### The problem
Within the records below, find the line with "Hilti TE 50-AVR" and the line with "Scrivener_Wayfarer_Document_Notes", then reproduce exactly those two lines and all lines between them, without any picture.

### Data for review
▽
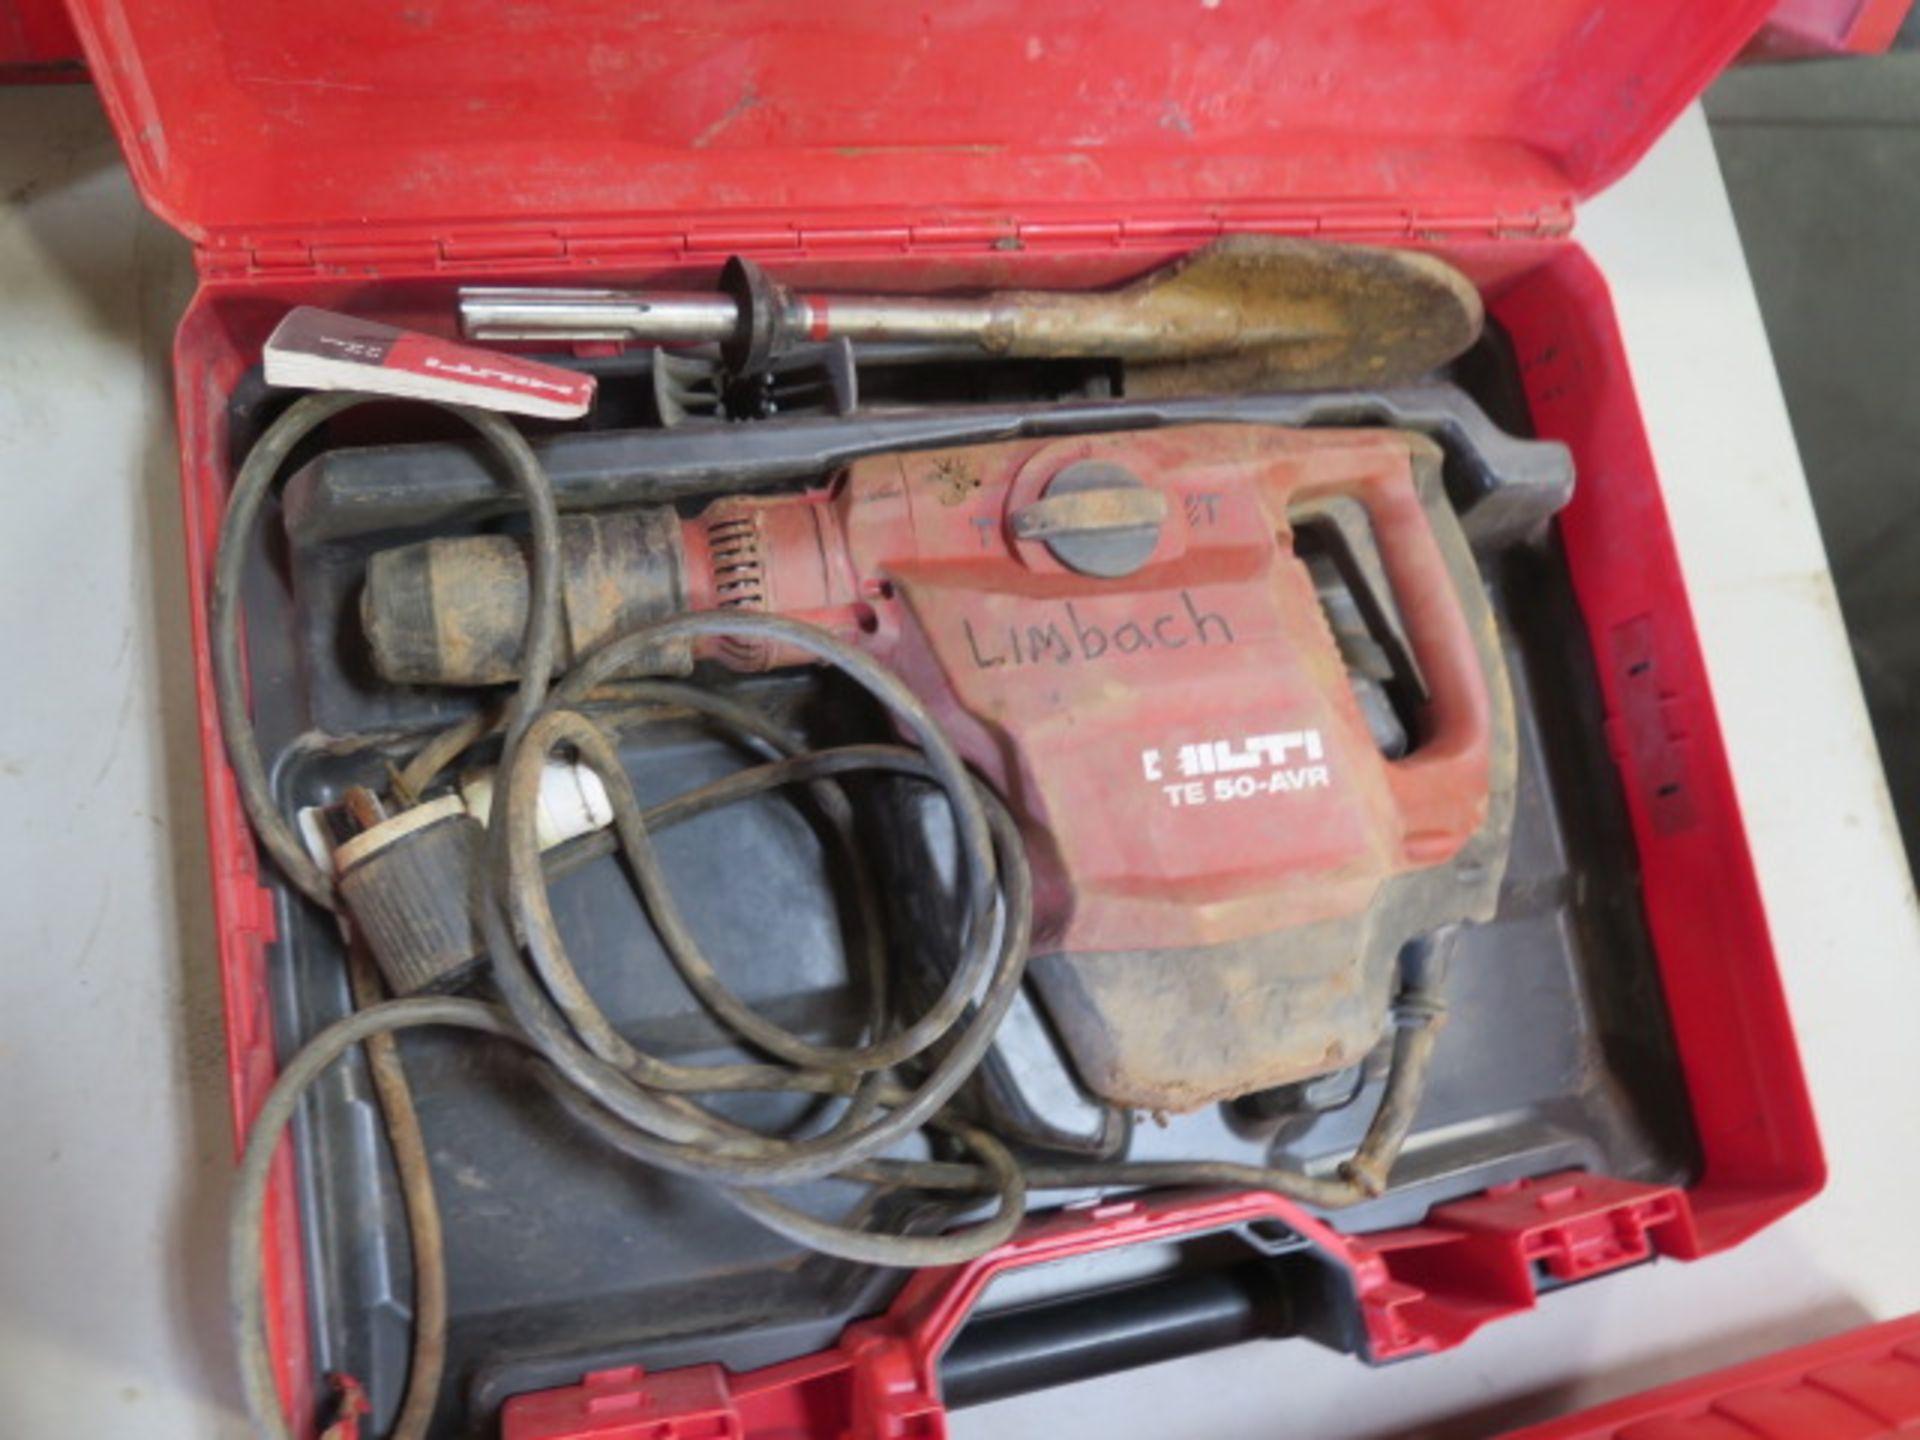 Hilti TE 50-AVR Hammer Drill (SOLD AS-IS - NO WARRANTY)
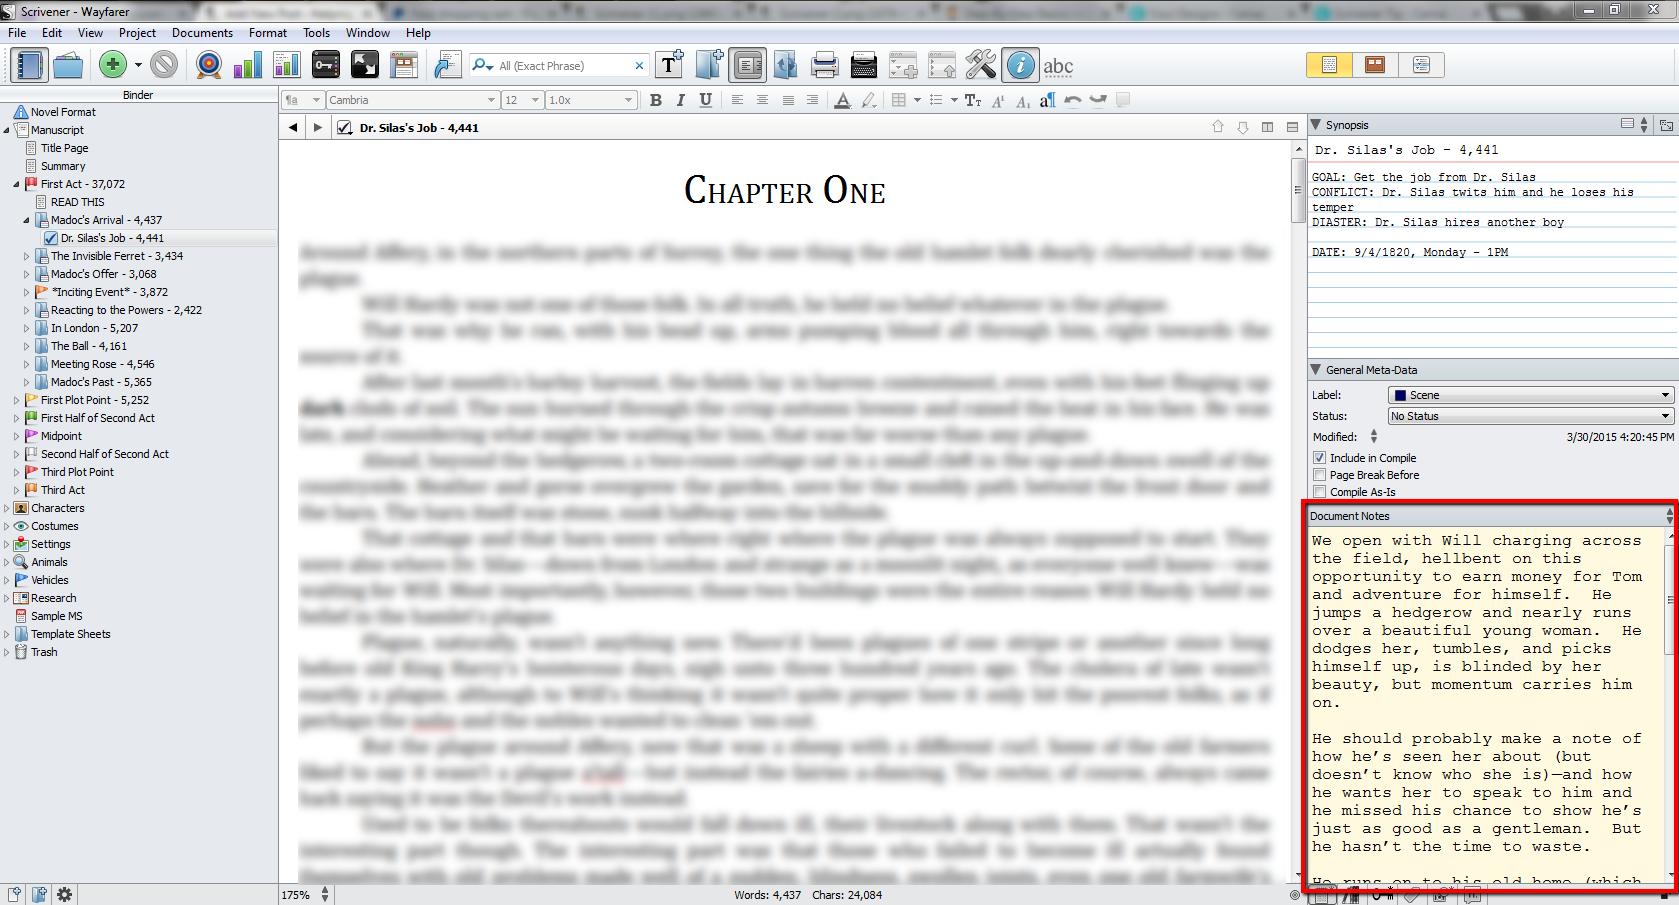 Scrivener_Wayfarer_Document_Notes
△
▽
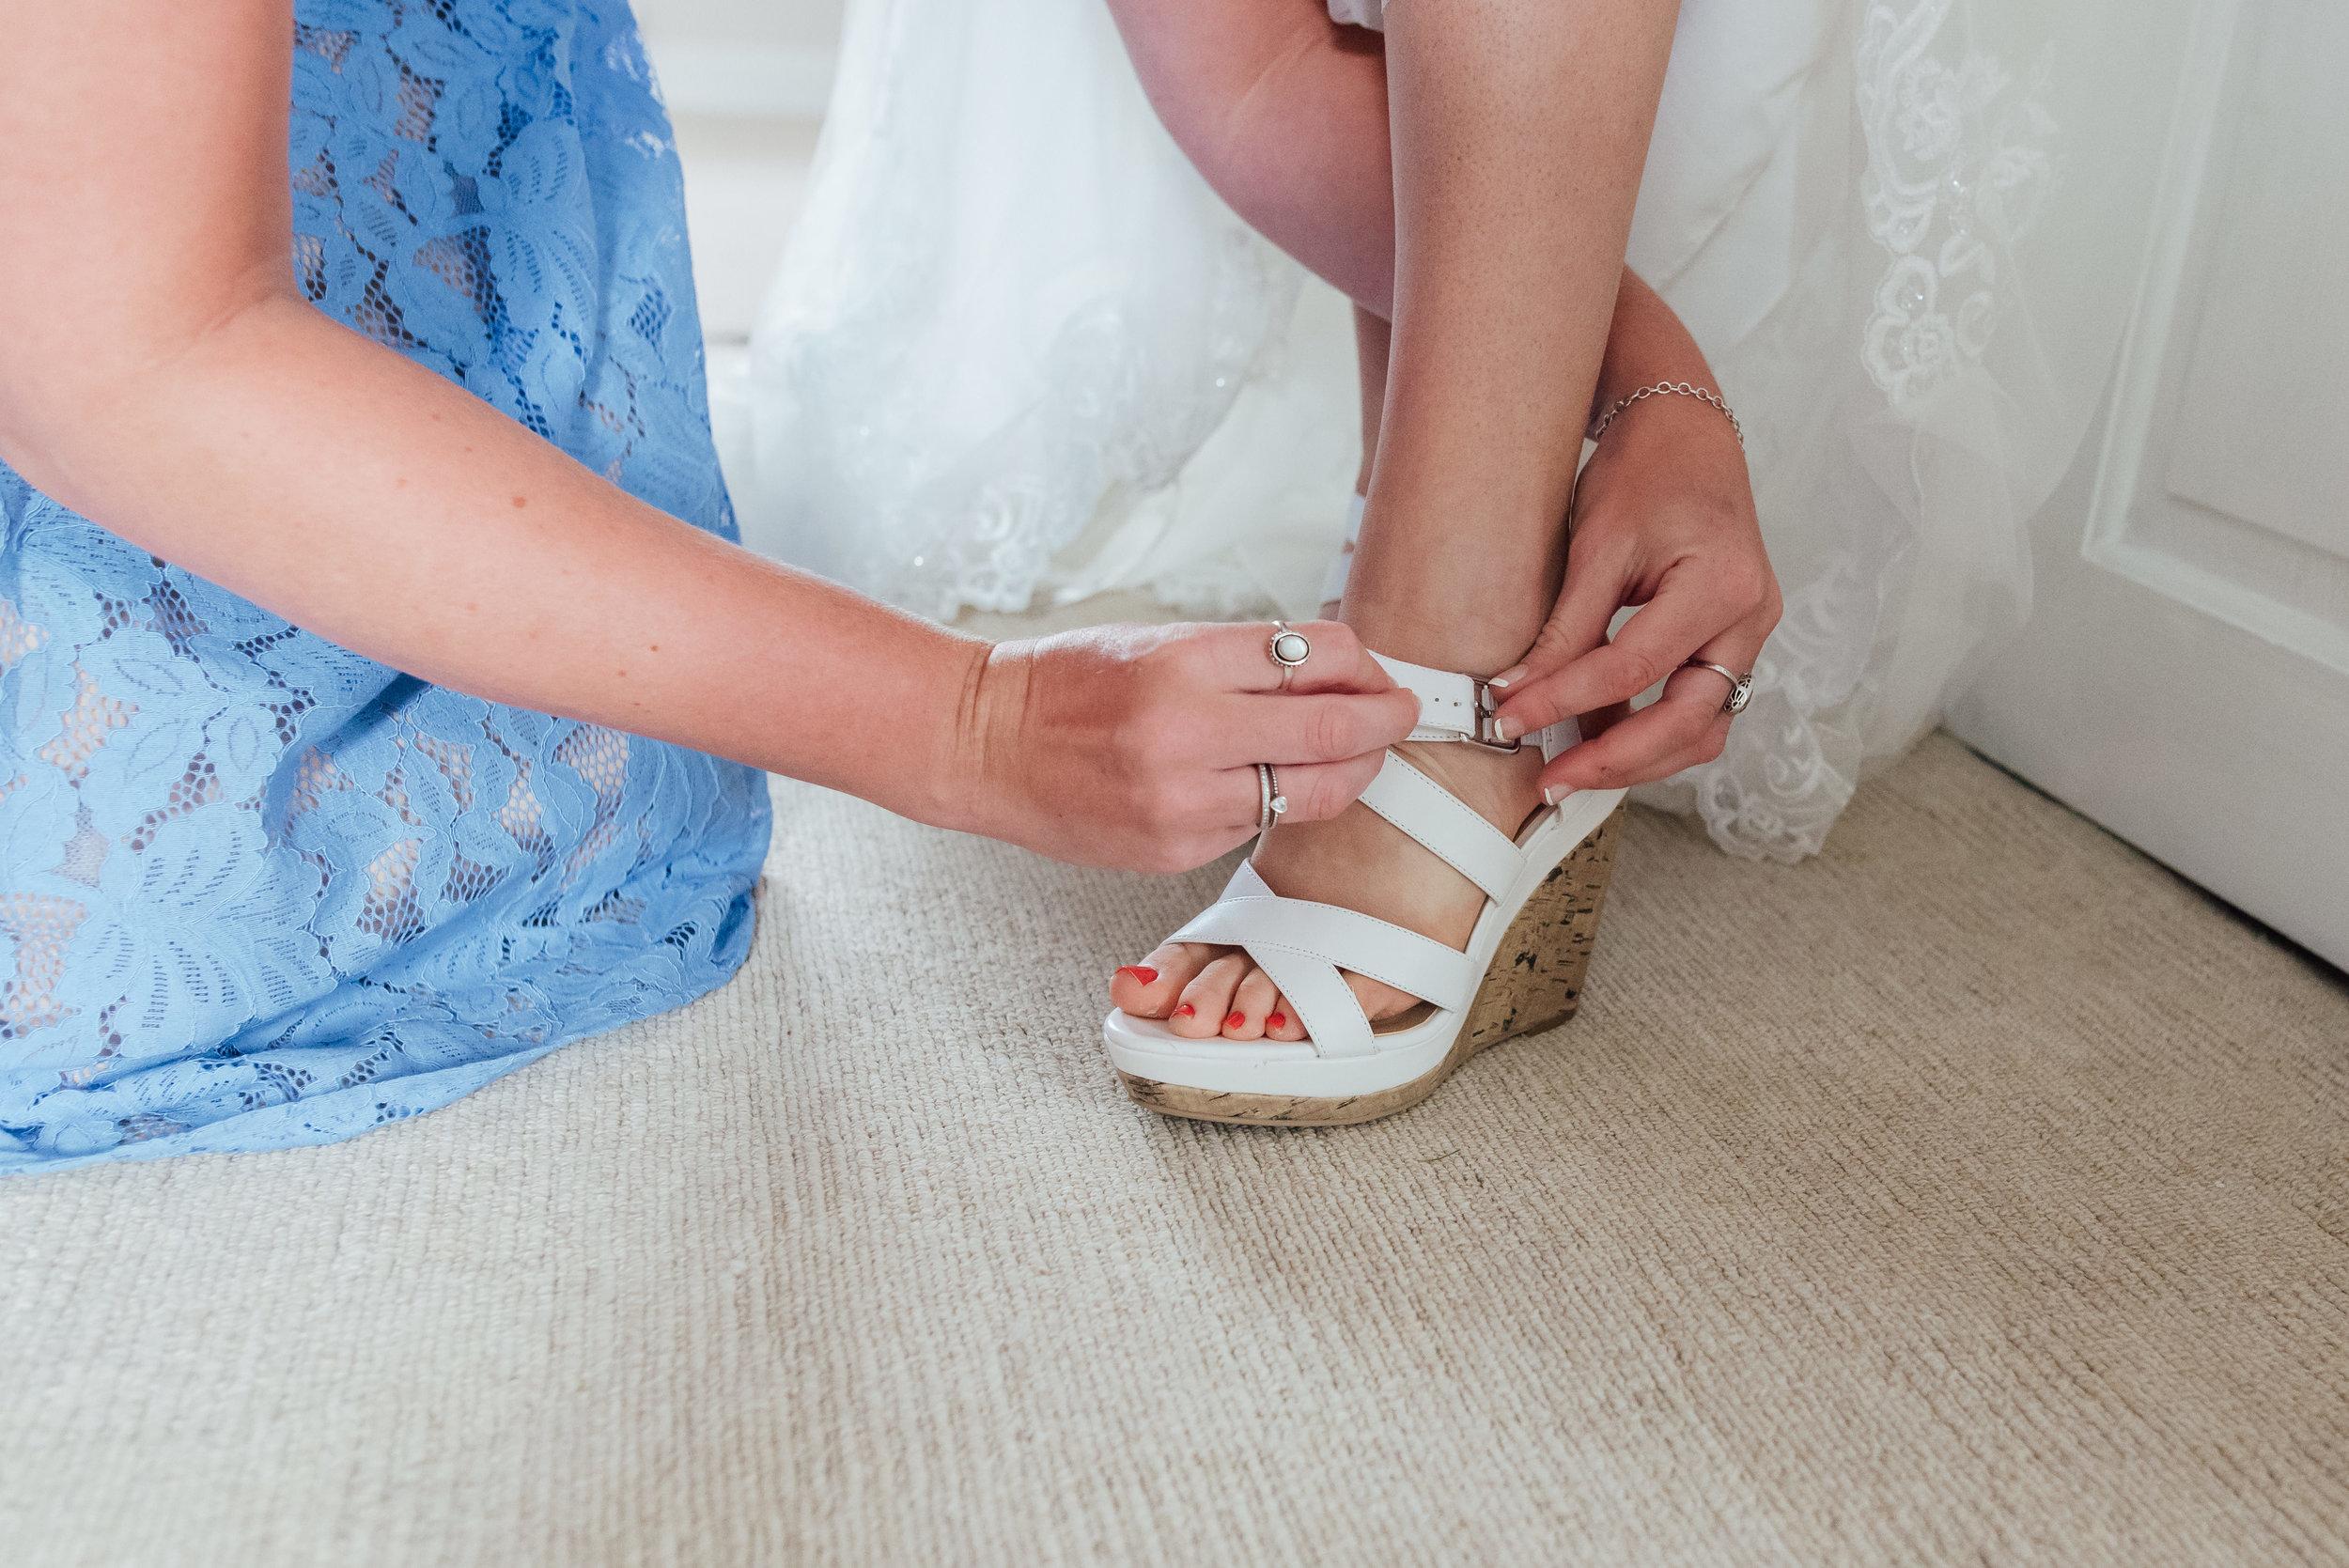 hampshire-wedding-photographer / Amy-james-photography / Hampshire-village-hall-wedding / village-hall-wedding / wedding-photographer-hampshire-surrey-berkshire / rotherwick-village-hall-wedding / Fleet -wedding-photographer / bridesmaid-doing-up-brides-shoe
△
### Response area
 Hilti TE 50-AVR Hammer Drill (SOLD AS-IS - NO WARRANTY)
 Scrivener_Wayfarer_Document_Notes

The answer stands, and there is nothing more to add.